The statistical technique for finding the best-fitting straight line for a set of data is called regression, and the resulting straight line is called the regression line.

Introduction to Regression
Developing the regression line involves the use of a linear equation.

All linear equations have the form Y = bX + a, where a and b are constants.

The value of b is the slope of the line and measures how much Y changes when X is increased by one point.

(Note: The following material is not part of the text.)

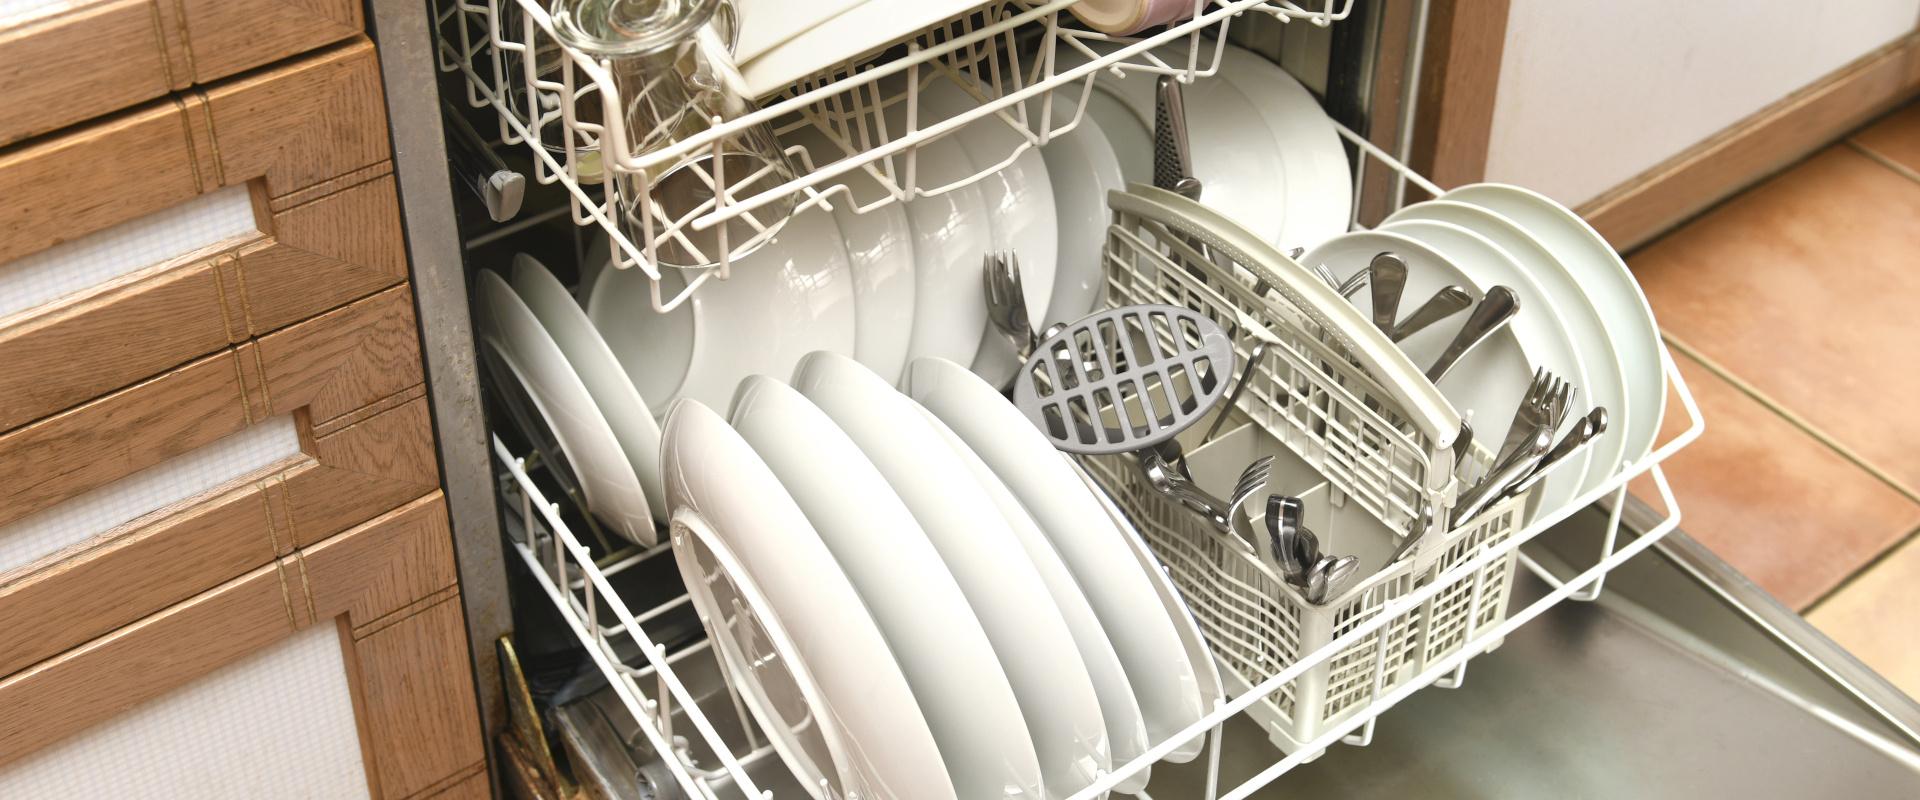 mosogatógép bepakolás cover

The value of a is the Y-intercept and identifies the point where the line crosses the Y axis.

Example
A local tennis club charges a fee of $5 per hour plus an annual membership fee of $25. With this information, the total cost of playing tennis can be computed using a linear equation that describes the relationship between the total cost (Y) and the number of hours (X).

Y = 5X + 25

Developing the Equation
The regression equation is obtained by first finding the error (or distance) between the actual data points and the predicted values on the line (or the mean of the scores).

Each error is then squared to make the values consistently positive.

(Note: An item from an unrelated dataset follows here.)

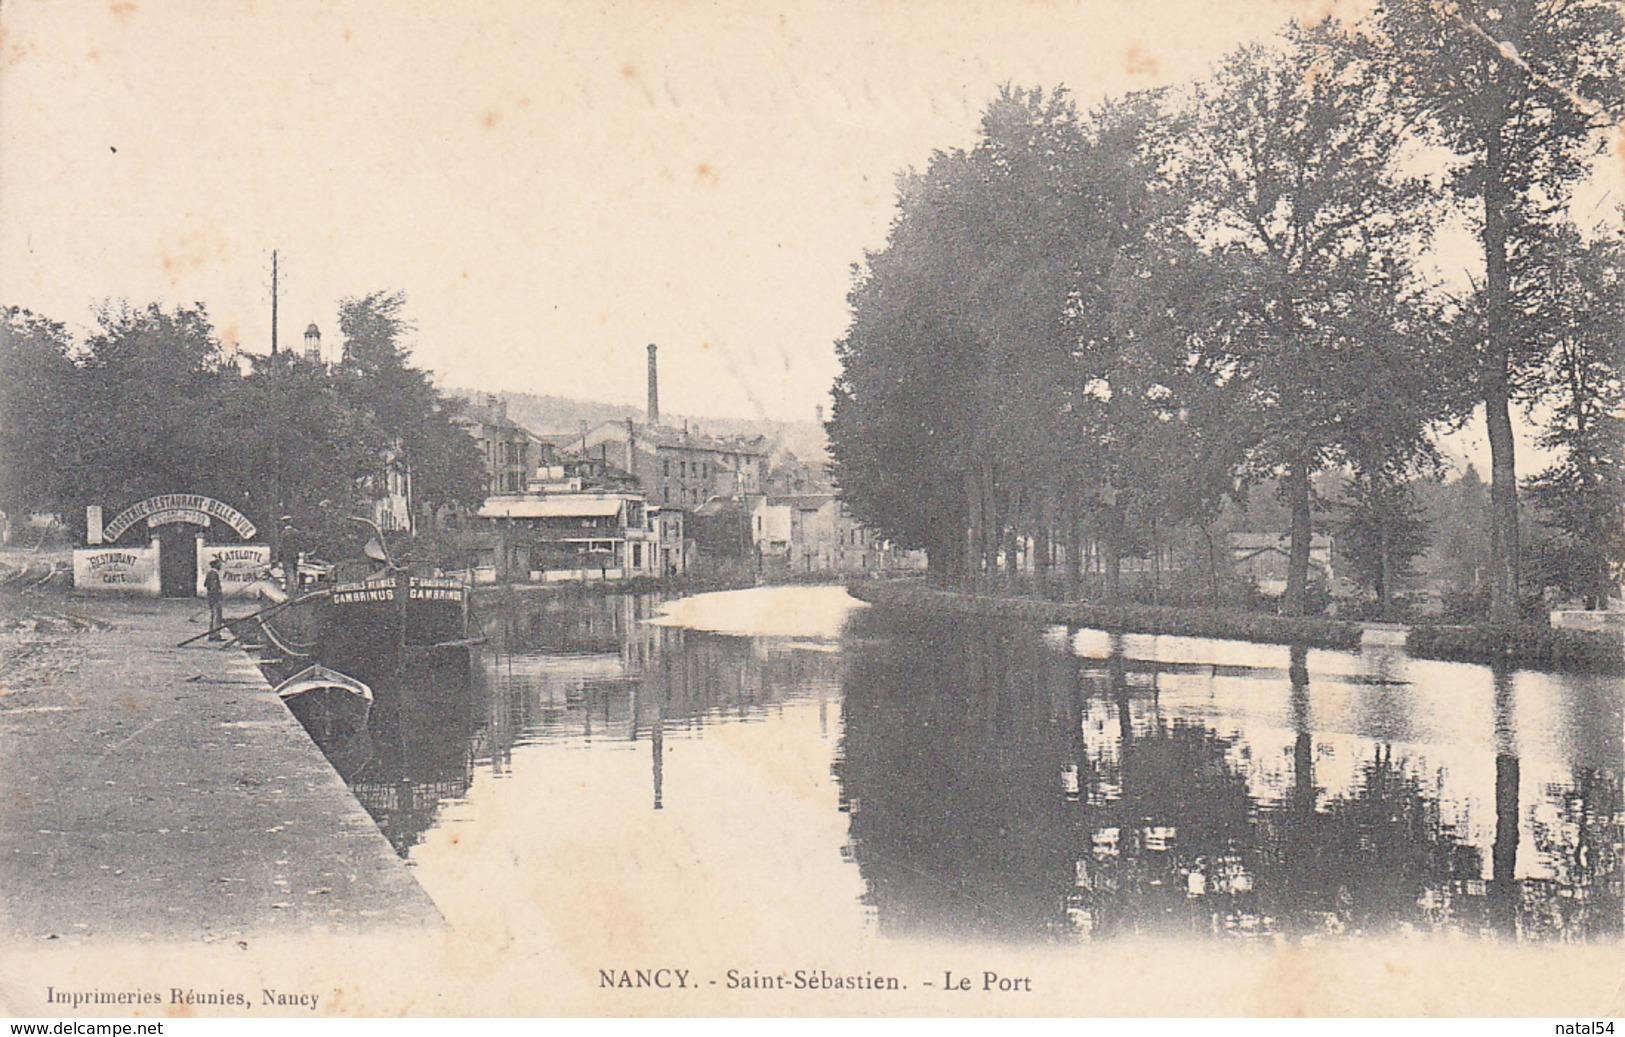 54 - Nancy : Saint Sébastien - Le Port - CPA écrite - Nancy

The goal of regression is to find the equation that produces the smallest total amount of squared error (called the least-squared error solution).

Thus, the regression equation produces the “best fitting” line for the data points.

Regression Equation
The regression equation is defined by the slope constant, b = SP/SSX, and the Y-intercept, a = MY - bMX, producing a linear equation of the form Y = bX + a.

The equation can be used to compute a predicted Y value for each of the X values in the data.

Caution:
The predicted value is not perfect (unless r = +1 or -1)
Equation should be used for predictions of X values that fall outside of the range covered by the original data

Based on these values…
SP = ∑(X – Mx)(Y – My) = 16

SSx = ∑(X – Mx)² = 10

Since the equation for the slope constant, b = SP/SSX, and the Y-intercept, a = MY - bMX, solutions for b and a are:
    b = 16/10 = 1.6
    a = 6 – 1.6(5)

The resulting regression equation is:
Ŷ = 1.6X - 2

Using the Regression Equation
For any given value of X, we can use the equation to compute a predicted value of Y.

Using the previous example, an individual with an X score of X = 5 would be predicted to have a Y score of:

Ŷ = 1.6X – 2
Ŷ = 1.6(5) – 2
= 8 – 2
= 6

Cautions Reviewed
The predicted value is not perfect (unless r = +1.00 or -1.00). Although the amount of error varies from point to point, on average the errors are directly related to the magnitude of the correlation. With a correlation near 1 or -1, small error, but as correlation nears zero, error increases.

The regression equation should not be used to make predictions for X values that fall outside the range of values covered by the original data. In the previous example, X values range from 3 to 7; because no info. exists for X values outside of this range, the equation should not be used to predict Y for any X lower than 3 or greater than 7.
Standardized Form
Occasionally, researchers transform X and Y values into z-scores; the resulting equation is simpler because z-scores have standardized characteristics. The mean is always 0, and the standard deviation is always 1.

Zy = (beta)Zx
Zy = (beta)Zx

Notice:
    Z-score for each X is used to predict z-score for Y
    Slope is now called beta
    Because both sets of z-scores have a mean of zero, the constant a disappears from the equation
    When 1 variable, X, is being used to predict a second variable, Y, the value of beta is equal to the Pearson correlation for X and Y.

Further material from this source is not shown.